Но вот парадокс. Даже добившись, чтобы Санкт-Петербург признал Буэнос-Айрес, Ионин, тем не менее, был не склонен кидаться в крайности. Предложение об аренде острова Эстадо он отмёл как попытку аргентинцев воспользоваться моментом и втянуть Россию в не нужный ей спор. Но, похоже, даже не это заставило Ионина быть ещё более осмотрительным. Дело было в другом. На тот момент Ионин рассматривал Аргентину прежде всего как конкурента Российской империи на мировом рынке зерна, шерсти и кож. Предлагал когда-нибудь в будущем, может, и создать с ней «зерновую ОПЕК», картель, который бы позволил России и Аргентине вместе перебивать поток зерна в Европу из Америки и Австралии. Но пока Ионин предлагал к этой Аргентине ещё только присмотреться.

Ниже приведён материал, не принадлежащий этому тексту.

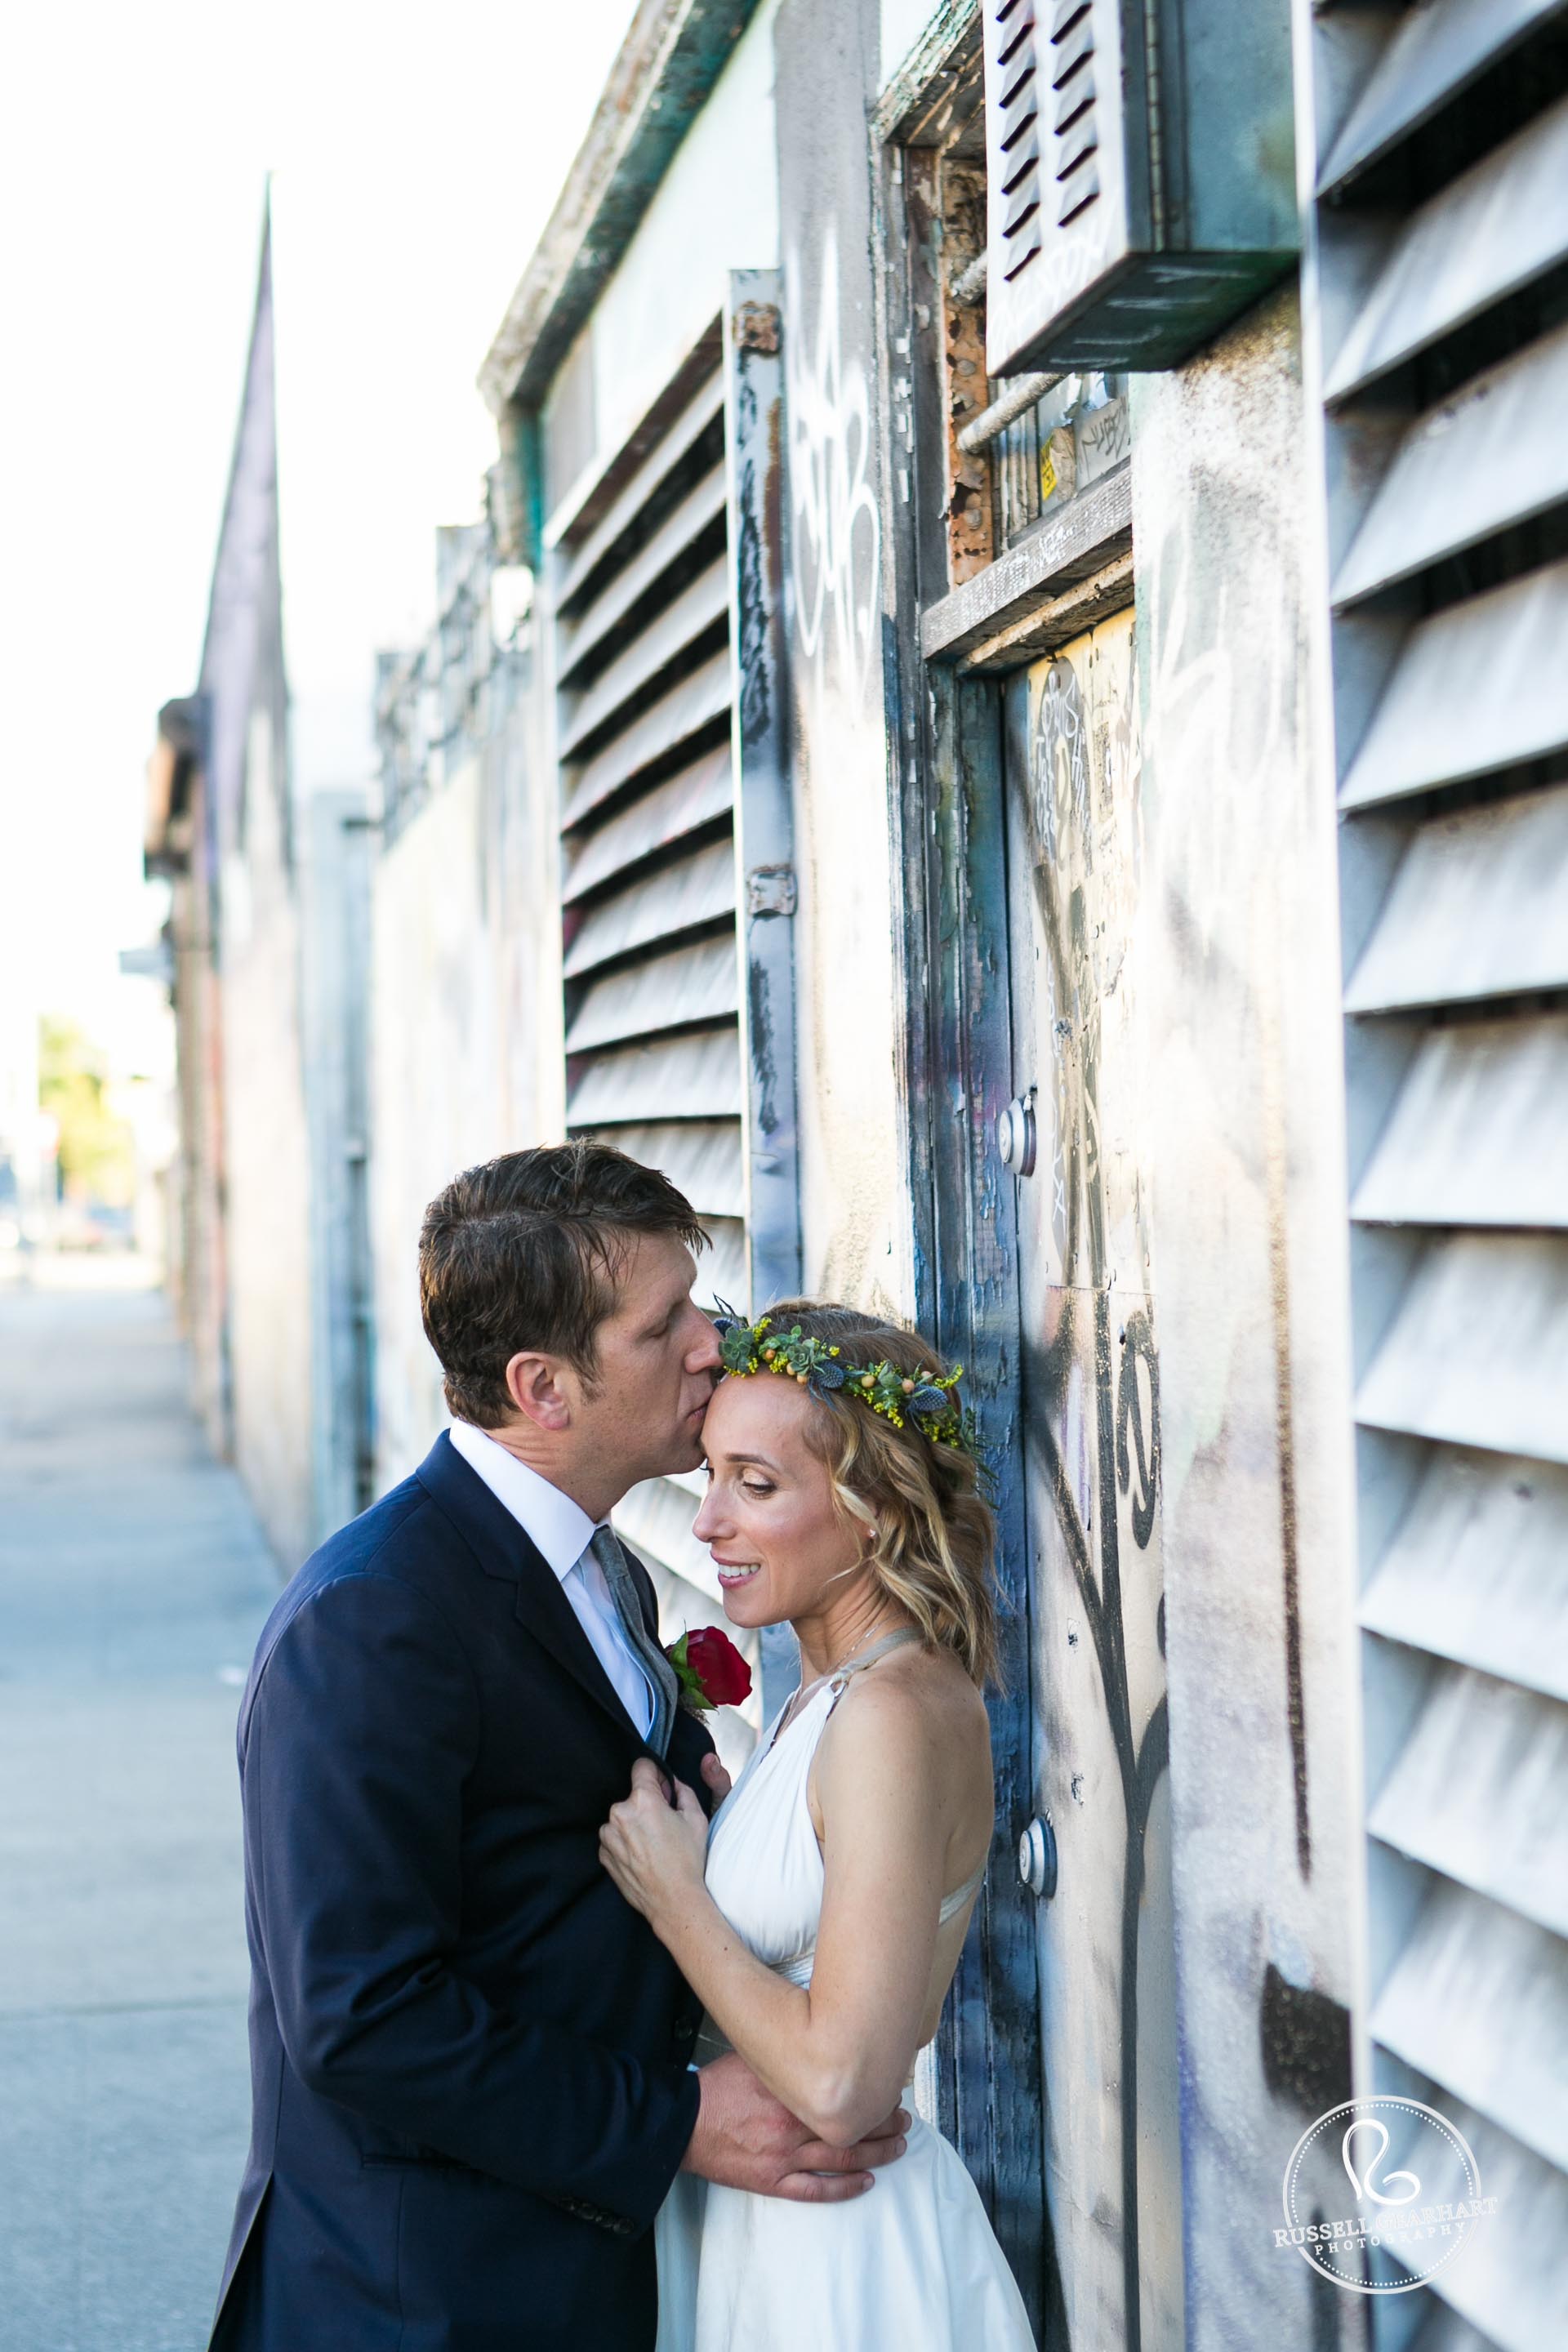 Urban Los Angeles Bride and Groom Portraits – Millwick Wedding in Downton Los Angeles – www.gearhartphoto.com – Russell Gearhart Photography

Со временем, кстати, присмотрелись неплохо. И вот уже не только в Серебряном Бору в Москве стоит уникальная аргентинская дача, но и в Буэнос-Айресе появился уникальный советский объект: «Кремль», как до сих пор называют величественное, красного кирпича здание советского торгового представительства. Как я уже писал, в Латинской Америке СССР, может и сам того не осознавая, отрабатывал совершенно иную модель отношений с внешним миром. Такую модель, какая потребуется для новой России. Где критерий успеха описан ещё в первом томе «Капитала»: там, где про «товар—деньги—товар». Там, где занимаешься не затратным мессианством, а, наоборот, зарабатываешь деньги. То есть Латинская Америка стала, по сути, первым регионом, где Москва отказалась от идеологической экспансии (Куба пришла сама), а искала прежде всего коммерческую выгоду. Тем более что если Европа и США приобретали у России всё больше сырьё, то Латинская Америка покупала у СССР «продвинутую» промышленную продукцию: «тяжёлую воду» для аргентинского ядерного реактора «Атуча-1» или, например, турбины для аргентино-уругвайской ГЭС «Сальто-Гранде».